I never said your meter was definitely not high.
I said nothing you posted _yet_ supports that conclusion, it is consistent with an in spec meter and a meter that is high by that amount and perhaps (depending on your meters published specs) one that is low by some percent.
So you're already moving the goalposts from your original statement: "All your measurements are consistent with your meter being spot on spec."
What? this is exactly the same statement.
measurements can be consistent with more than one thing that is why I said you cannot conclude anything about your meter yet. They are consistent with the meter being on spec because the measured values are all within the tolerance of the wing shing TL431A part you specified so those measurements can be spot on. They are also consistent with it being off the nominal value by 0.5% because the TL431A is a 1% part so could be that far in either direction.
That you cannot in general average a bunch of 1% parts to get a more accurate reading is also well known and empirically tested in daves video.
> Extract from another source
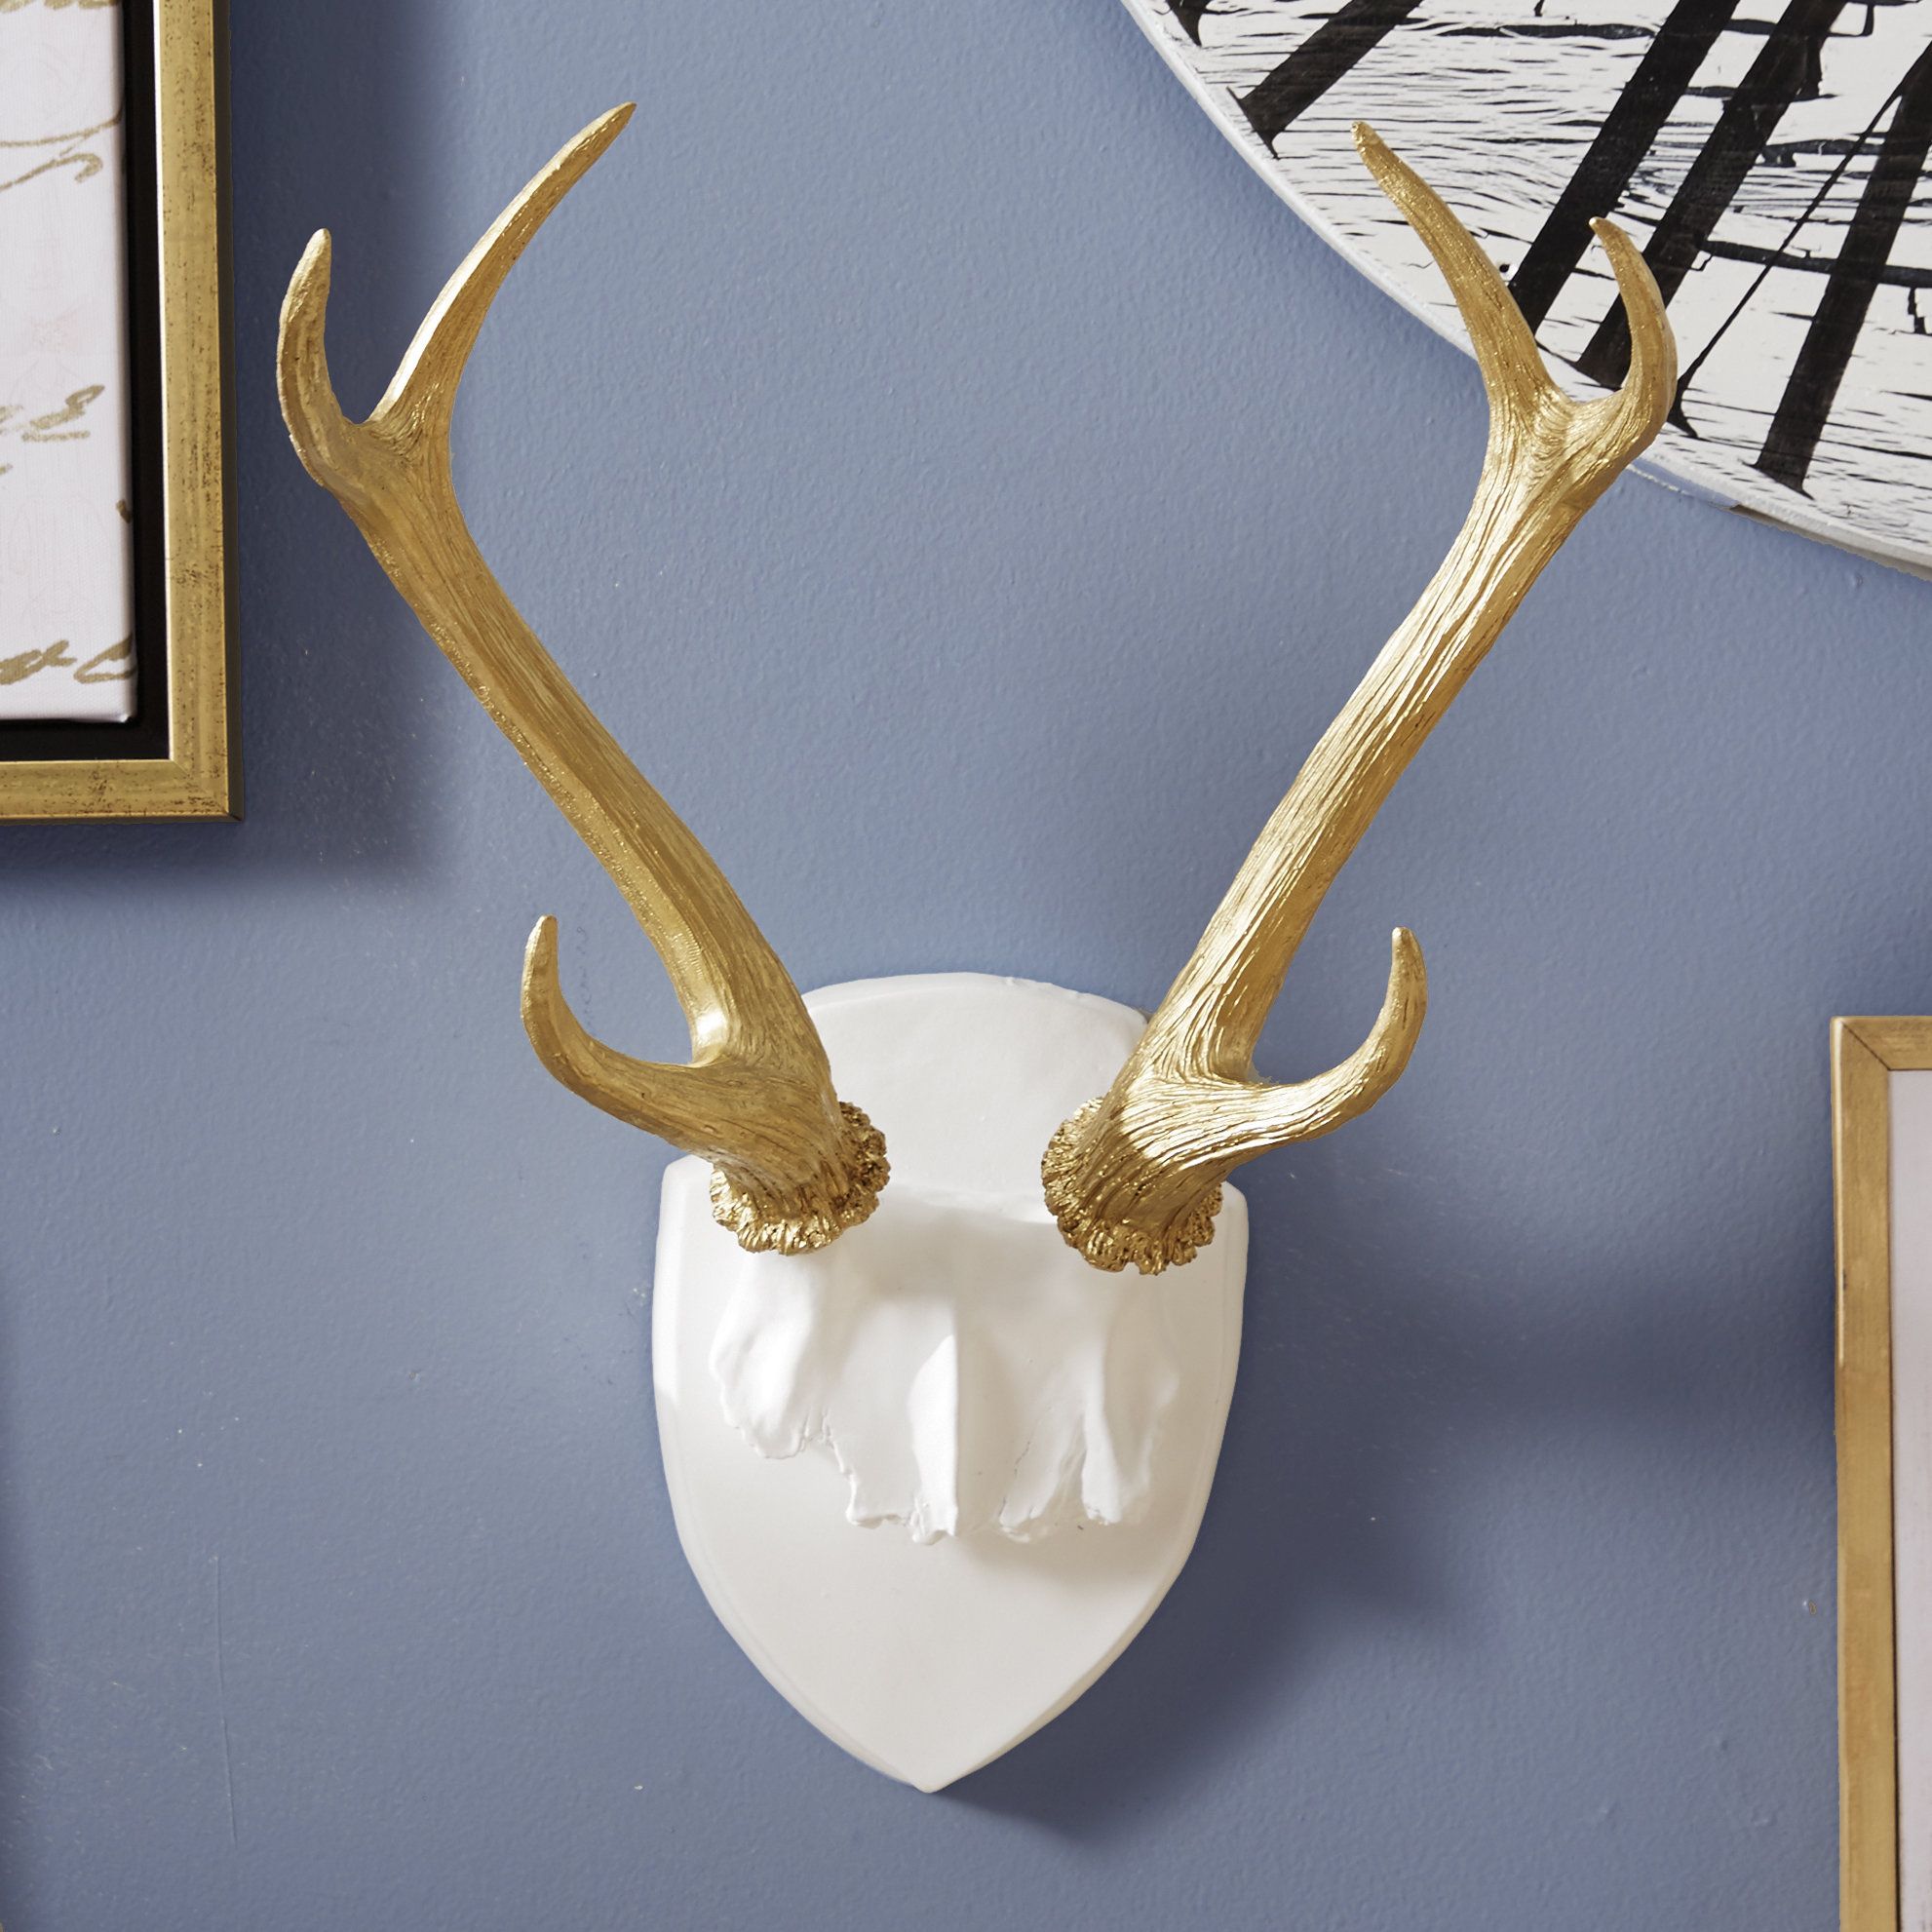 Brayden Studio Large Faux Taxidermy Antler Rack Wall Décor & Reviews Inside Most Up To Date Large Deer Head Faux Taxidermy Wall Decor (View 18 of 20)

Now, you may have 0.3% parts, or may not. But when you say wing shing TL431A I can only assume wing shings data on their TL431A part is accurate rather than suppositions from an aliexpress listing, in any case, wing shings official specs are all that matters for making engineering decisions rather than a batch that happened to be 0.3%. Also, no matter what the alibaba listing says, I'd say wing shings datasheet trumps it.
If you bothered to read the full thread, it's not just the tl431a's that suggest my meter is high, the alkaline battery measurements and the SR43 battery measurements suggest that as well. Yet you seem to think that my >10yr old "Mastercraft" CAD$20 meter is a more reliable reference than a sample of 11 new (2015 mrf date) TL431As.
Look, this is metrology. specifications mean very precise things and the conclusions you can reach are well definied. As an engineer, you have to assume the worst. 1% means 1% out in the opposite direction. battery chemistry is so variable (the mercury cell being an unusual exception, my keithley electrometer uses one as its voltage standard, still spot on after >20 years) you cannot definitively make decisions based on it. Like you derate capacitor voltages because i may have the worst batch of the lot and my design might encounter some crazy transients.
In spec for a meter does not mean at its nominal value, it means within 0.1% 1% or whatever the meter guarentees. When a meter guarentees 1% accuracy, it doesn't mean they were only able to trim it within 1%, of course they could trim it to be spot on, on that day, in that lab. but if they know the parts have a 1% drift over temperature range or expected age, or that their calibration meter is only good for 1% then they rate it as 1% accurate so that is stays within spec during its lifetime. When you calibrate a 1% meter that is at 0.9% off, they don't twist the knob back to 0% because that is in spec.
I am not sure why you think these general engineering practices are somehow contrary to what you say. It does not _matter_ whether your meter is on or off for these statements to be true or not. That you cannot conclude _definitively_ (not probably) it is off by 0.5% with a 1% part when the measurements are within the 1% margin (even averaged, if they have not been characterized) is, well, pretty obvious.
Again, I have to go by manufacturer data sheets and part numbers as specified. Once you get your ref, you will be able to characterize your tl431s and then say definitively how far out your meter is (up to the accuracy of the ref5050)
I see another excuse in the making, "You mislead me to think that your meter was new..."
An excuse for what, your measurements _are_ consistent with an in spec meter for TL431As as speced by the manufacturer. They are also consistent with a 0.5% off amount. Our statements are compatible. It would surprise me somewhat less that your meter is out of spec since it is older, but that doesn't mean the original observation that you cannot conclude definitively yet is false.
There are many people reading this forum that have to build things that work without relying on probably getting 0.3% parts marked 1% time after time, or that like or need to be _certain_ of the tolerances of their measurements are finitely bounded by a known number.
On an engineering board, where we constantly have to take into account _worst case_ (but in spec) scenarios day in and day out, and run into horribly expensive or dangerous failures when someone doesn't take into account the possibility that your 1% parts might actually all be 1% out the wrong way or other allowed things then it is natural for these concerns to come up.
I was trying to be helpful by bringing attention to a conclusion that did not yet have enough evidence, the same as I do for design reviews where I am paid to notice these things before they become issues, or become the subject of an audit on who dropped the ball on specing parts properly. Even if you don't seem to get what my statement actually means, and why it is consistent with yours, Consider it good advice for the community and an incidental benefit of this thread.